Task instructions
In the entries below, find the line with "Halloween Pumpkin poster" and the line with "en person i", then retype both and everything between them exactly. Do not copy the pictures.

Task data
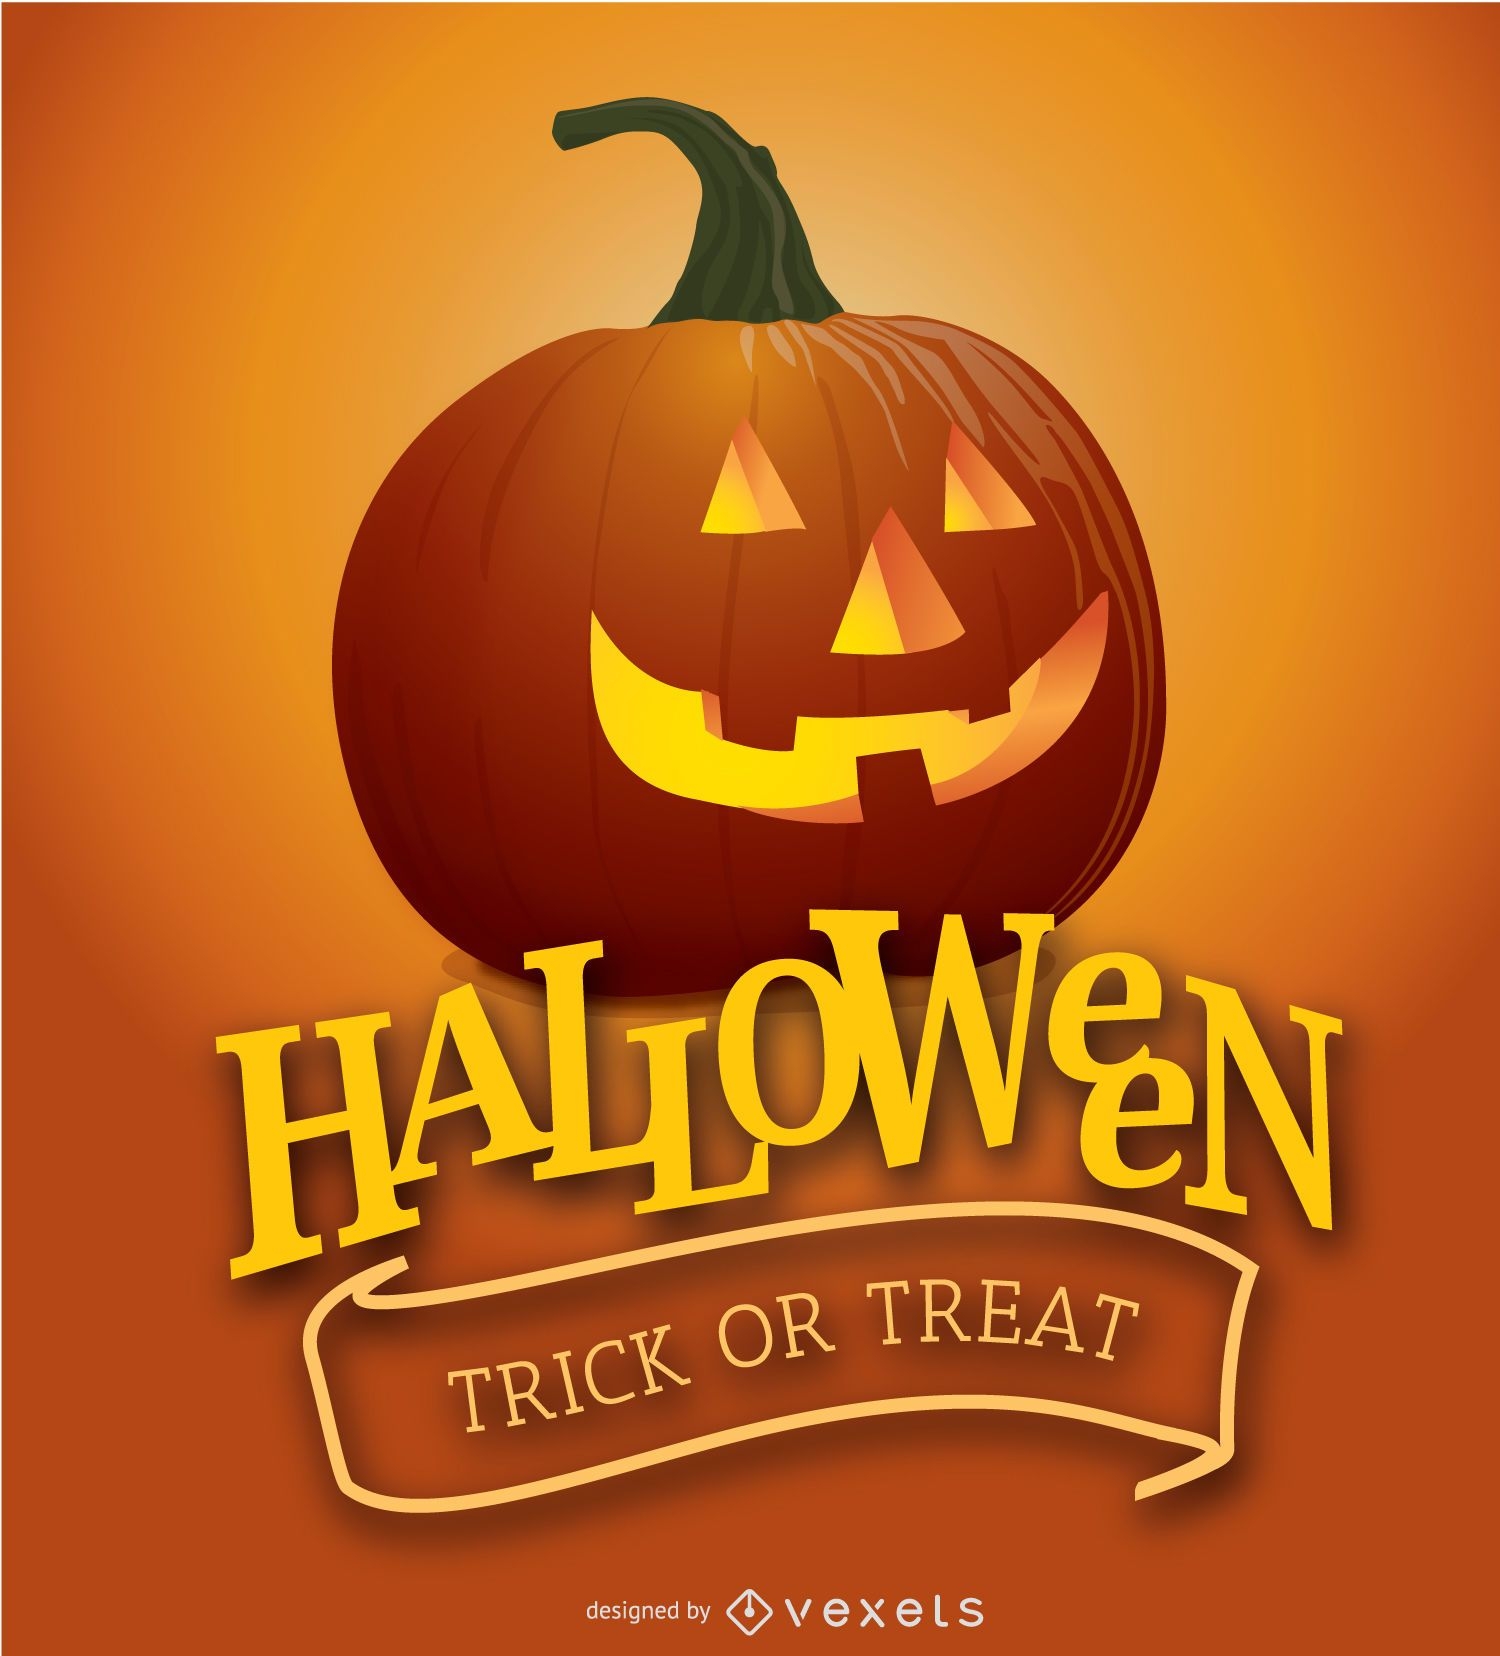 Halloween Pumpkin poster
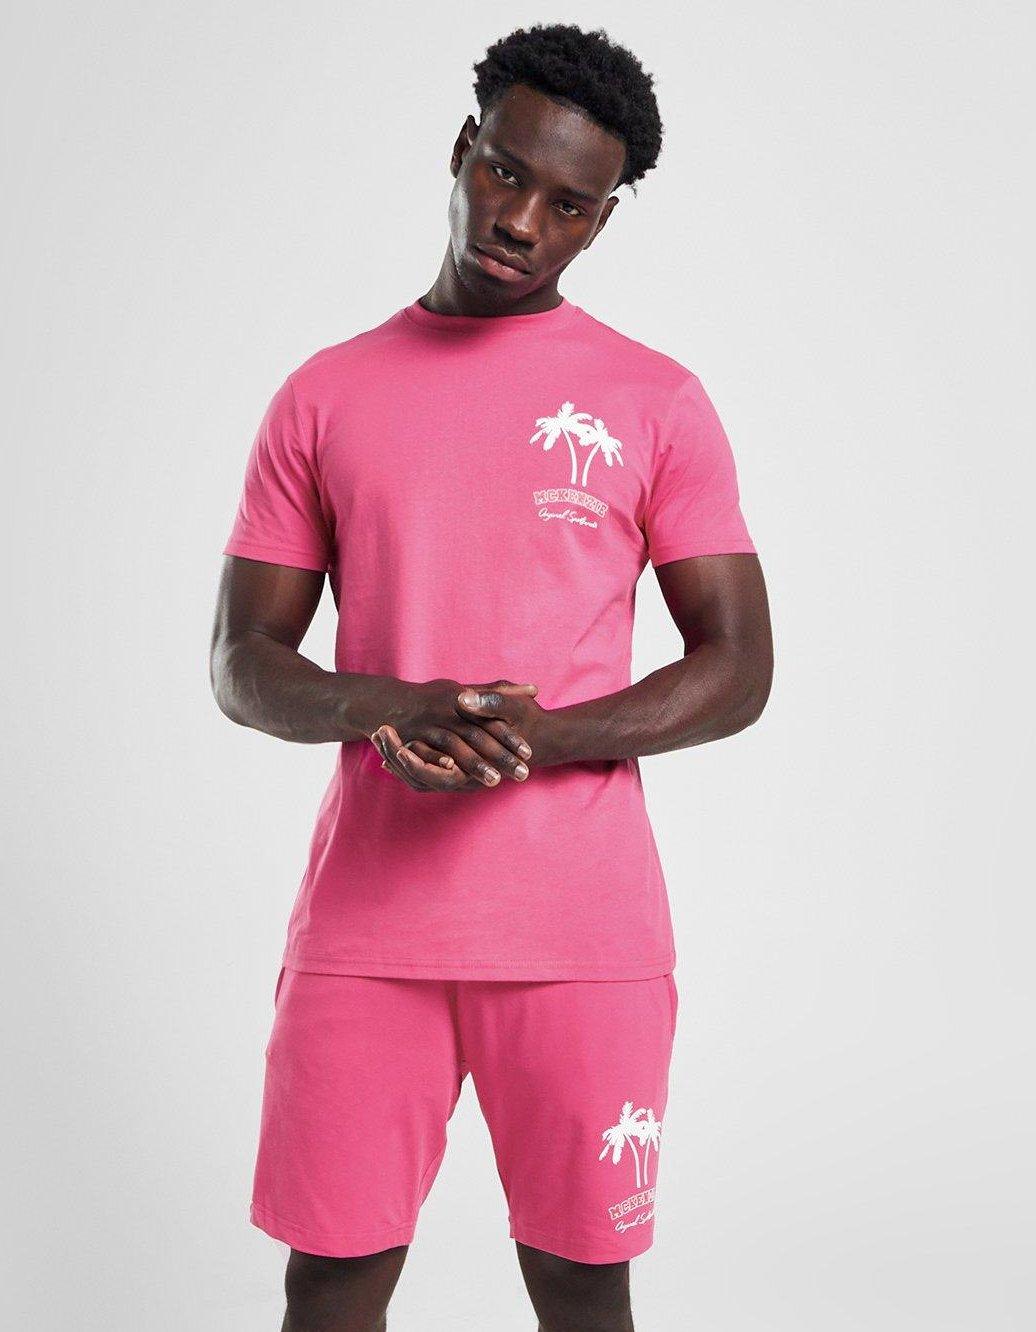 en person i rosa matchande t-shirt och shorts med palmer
==
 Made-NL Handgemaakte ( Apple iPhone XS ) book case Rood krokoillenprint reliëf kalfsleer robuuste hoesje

Solution below
 Halloween Pumpkin poster
 en person i rosa matchande t-shirt och shorts med palmer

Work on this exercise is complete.